Today was my last day of work at Pavlov Media. Sad day, the last day of a job. Anyways, I don’t keep this blog to talk about personal ramblings, so I’ll keep it short. One of the guys pointed out the large number of obscure tidbits I know about PostgreSQL and PHP development (most of the PHP is stuff you won’t see in a book, but as tiny repeatable timesavers or readability improvements in a large). So, I’m going to try to post random things I know about Postgres that I consider on the obscure side. Most of them are already well-documented, but stuff a newcomer would probably miss.

Postgres Tip #1: Use COALESCE and friends

The functions COALESCE(...), NULLIF(a,b), GREATEST(...), and LEAST(...) are all well-hidden ways to improve the readability of SQL queries. I’m going to talk about the first today.

COALESCE takes an arbitrary number of parameters, and simply returns the first one that’s not NULL. This has come in handy at work in two specific cases:

  1. If table vendors has field website, and table products (with a foreign key into vendors) also has field website, I can pull the most specific website of a product available with the SQL query:

    SELECT COALESCE(p.website, v.website) FROM products p JOIN vendors v...

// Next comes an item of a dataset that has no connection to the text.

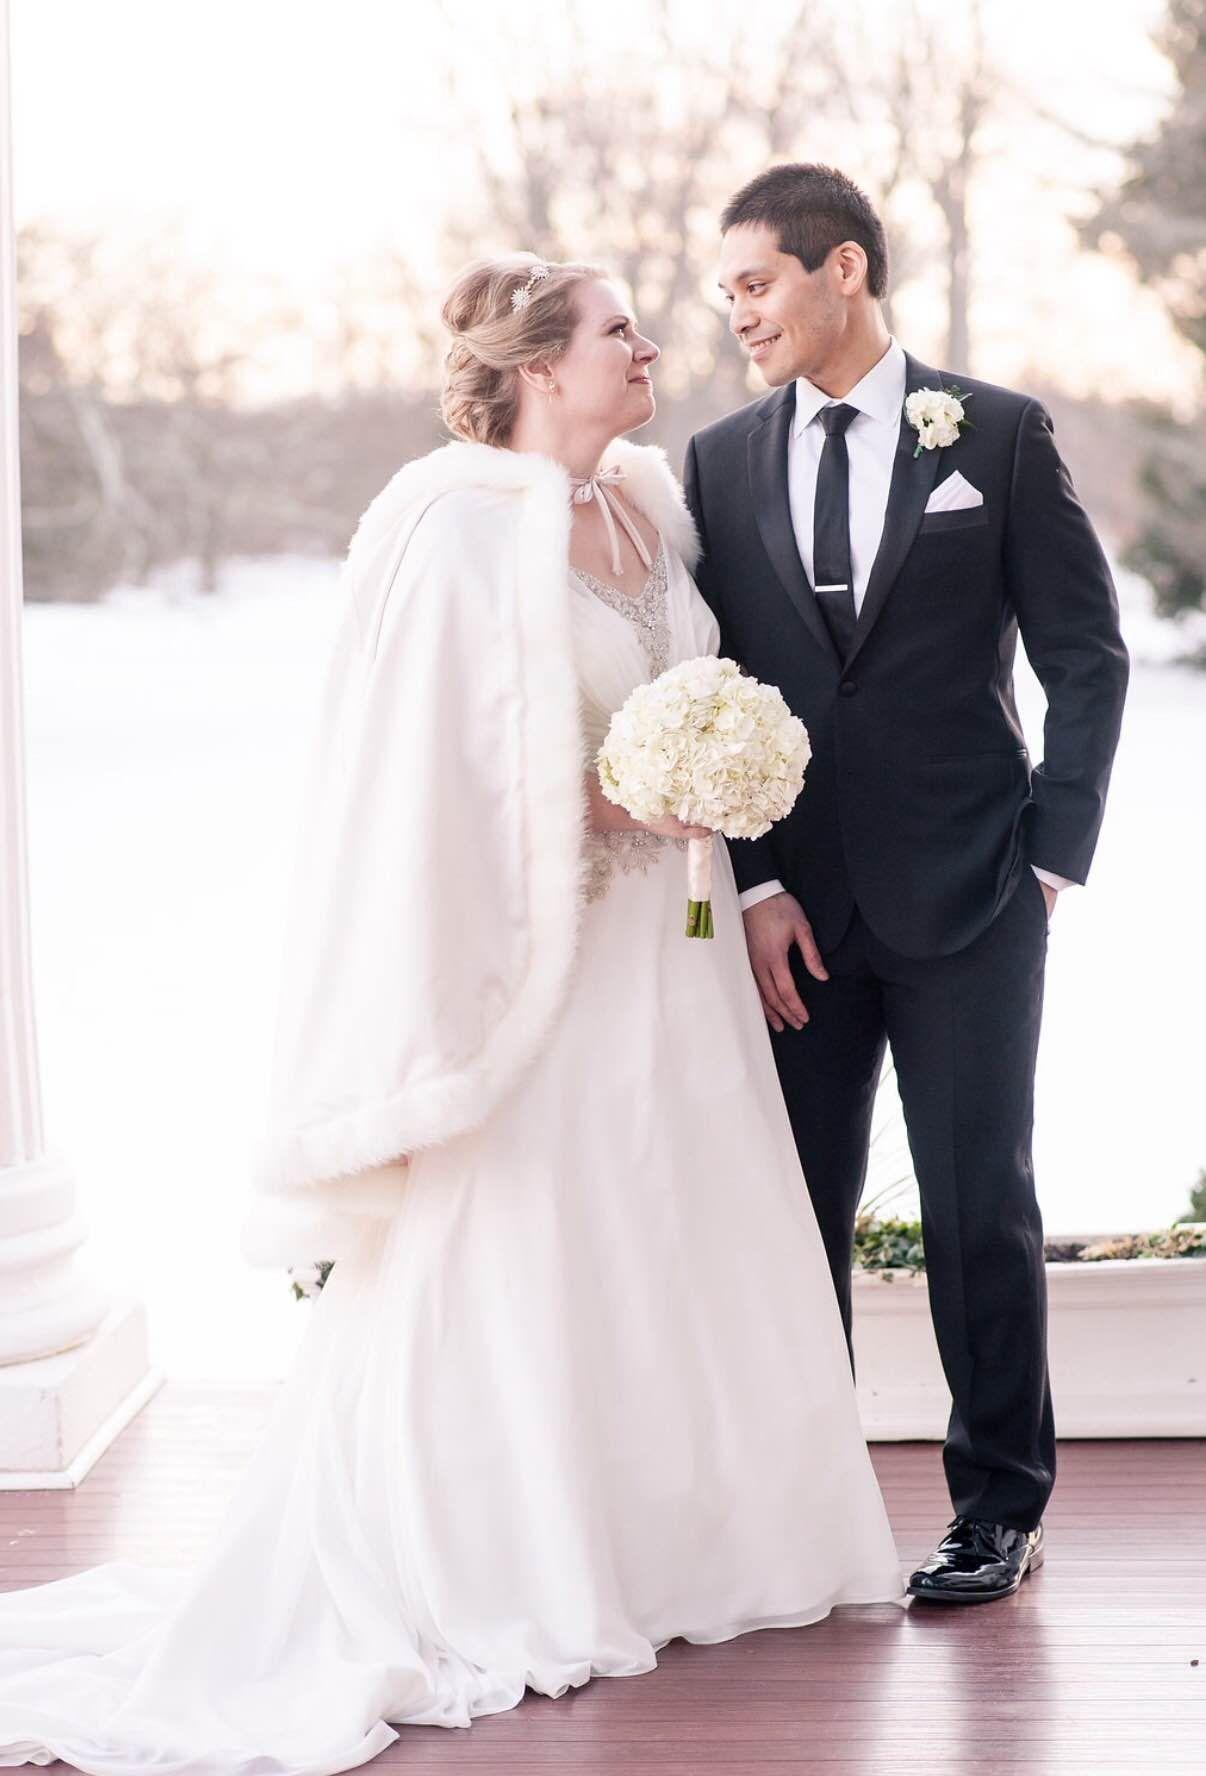 Winter Wedding Dress at Historic Rosemont Manor in Northern Virginia ...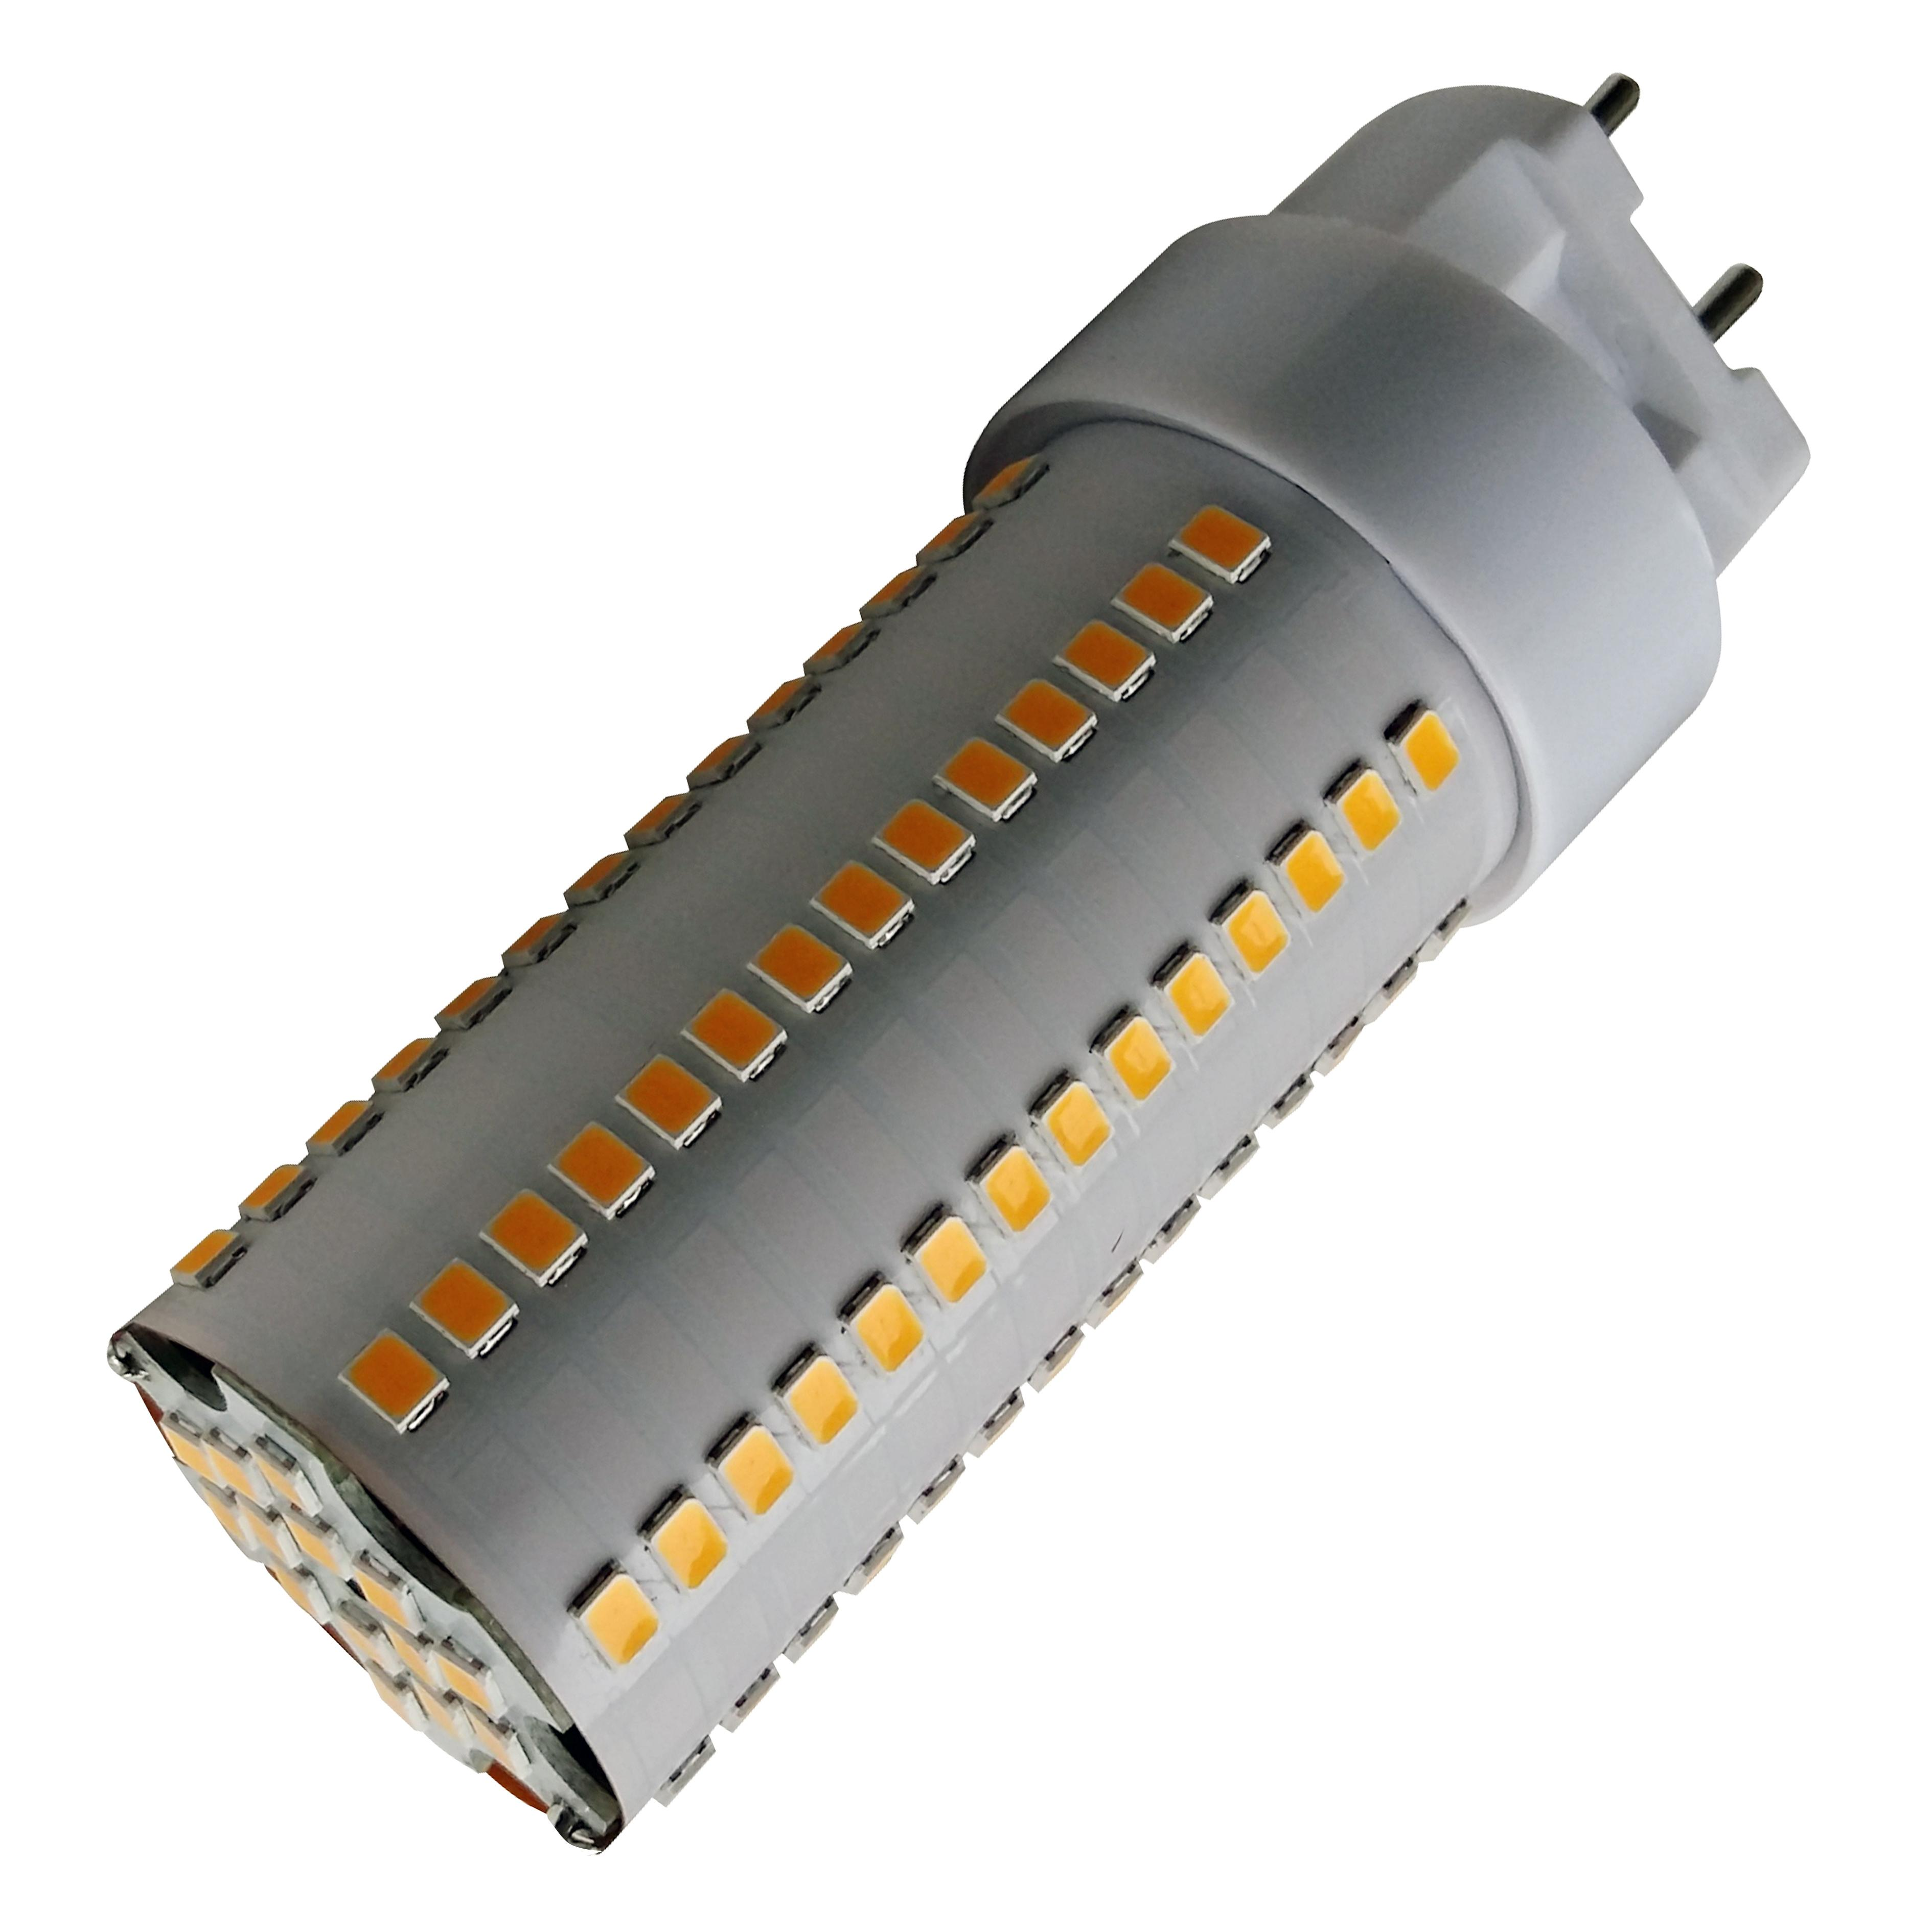 10pcs-lot-20w-g12-led-light-2400lm-led-g12 Luxus Led Lampe 3 Watt Dekorationen

    The alternative would have been to use a rather obtuse-looking CASE statement like this:

    SELECT CASE WHEN p.website IS NULL THEN v.website ELSE p.website END FROM products p JOIN vendors v...

  2. If a NULL value in a table is logically equivalent to another non-NULL value, it simplifies conditionals. For example, the Freeside billing system treats NULL and 0 both as “empty” in date fields, so I can check if a date is “empty” with only one comparison:

    ... WHERE COALESCE(date_field, 0) <> 0

    Again, the alternative is bulkier and harder to read:

    ... WHERE (date_field IS NOT NULL OR date_field <> 0)

    This is particularly useful for string fields, where the empty string and the NULL string are sometimes interchangeable. In this case, COALESCE really helps when dealing with someone else’s sloppy database design.

In both of these cases, the advantage is small in a toy example like this, but a SQL query with 3 default-values and 2 “maybe-NULL” conditionals, the difference is huge.